Research indicates that ketamine blocks the NMDA receptor site on so-called inhibitory neurons. By blocking the function of the inhibitory neurons this allows release of glutamate by other neurons. Glutamate, in turn, attaches to the glutamate receptor sites, which stimulates release of large amounts of BDNF. BDNF rapidly repairs the synapses of neurons that have atrophied in severely depressed patients. While the FDA approved antidepressants improve the effect of BDNF, they do not cause the release of BDNF. Ketamine does cause release of BDNF. Since ketamine causes a large release of BDNF this explains how ketamine can provide such a rapid and dramatic relief of depression.

In 2000, researchers at Yale School of Medicine, Berman, et al, demonstrated that a single dose of IV ketamine given to treatment resistant depressed patients lead to a significant reduction in depression after just four hours. A larger study in 2006 by Zarate, et al, at the National Institute of Mental Health, confirmed these findings even at just two hours after a single IV dose of ketamine. Not only that, but even after a single IV dose of ketamine the antidepressant effect continued for seven days. In 2012 Zarate, et al, demonstrated a similar effect in treatment of patients with bipolar disorder.

Studies in 2009 by Price, et al, and in 2012 by Larkin and Beautrais, showed a single dose of IV ketamine could rapidly reverse suicidal ideation for patients presenting to the emergency room following a suicide attempt and was effective for up to ten days. This is particularly important when one realizes that, according to the CDC, 36,000 people die from suicide each year, which is twice as many as people who die from homicide. Ronald Duman, PhD, a reacher at Yale, has stated that “The discovery that ketamine produces rapid antidepressant effects in treatment resistant depressed patients, by a novel mechanism (NMDA receptor blockade), is arguably the most significant advance in the field in over fifty years”.

Certain people have an abnormal genetic factor, which decreases the ability of their neurons to release BDNF.

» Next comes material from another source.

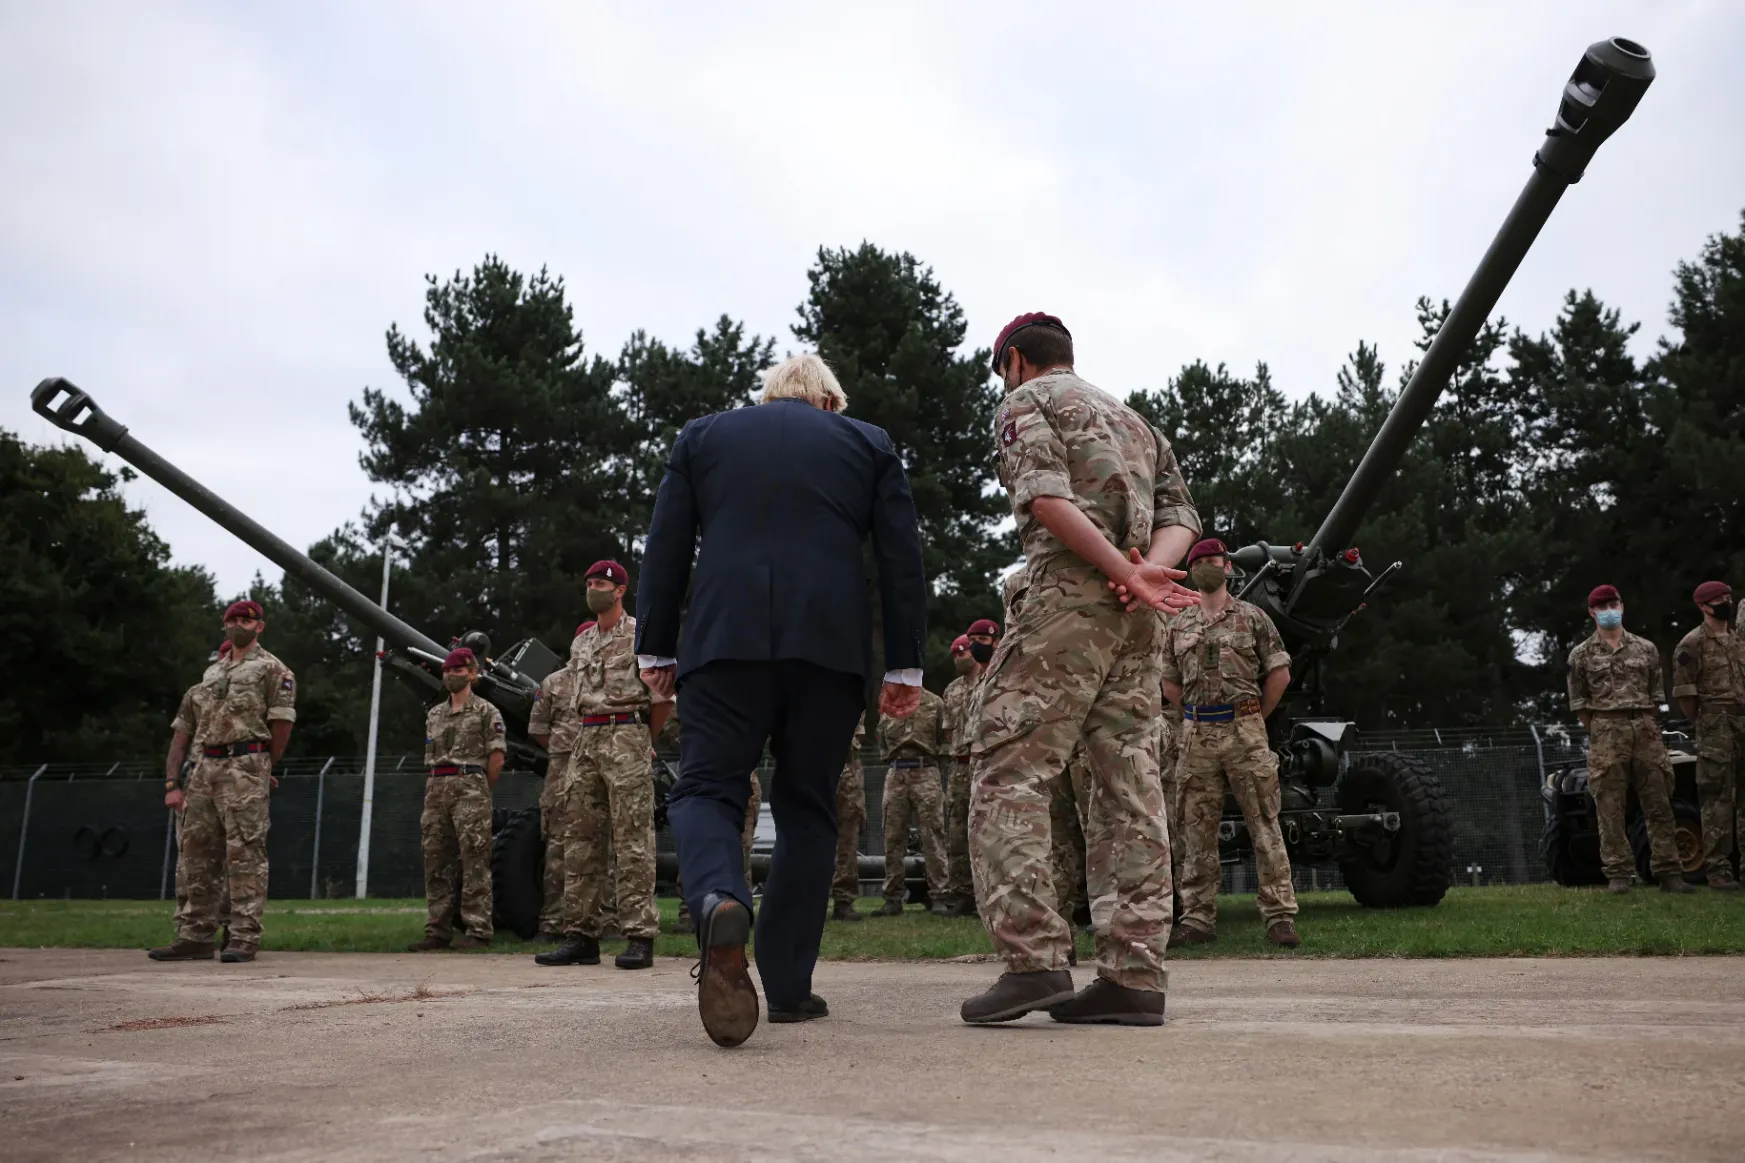 Szexorgiát tartott egy brit ejtőernyős egység, büntetésből kimaradnak egy NATO-hadgyakorlatból

Such people are at risk of developing depression if exposed to stress early in life. This abnormal genetic factor may explain why some individuals with depression do not respond to ketamine. This genetic factor is called the Val66Met allele and its presence can be used in the lab to identify patients who respond or do not respond to ketamine.

For those who would like to learn more about the technical aspects of ketamine in treating depression, please refer to the excellent YouTube videos by Ronald S. Duman, PhD of Yale School of Medicine: “Neurobiology of Stress, Depression, and Antidepressants: Remodeling Synaptic Connections”, “New Mechanisms Elicited with Ketamine in Treatment-Resistant Depression”, and finally “Ronald Duman, PhD, on NMDA Receptor Antagonists”. Another good YouTube video is by Carlos Zarate, MD of the National Institute of Mental Health entitled “Ketamine and Next Generation Therapies-Carlos Zarate, MD”.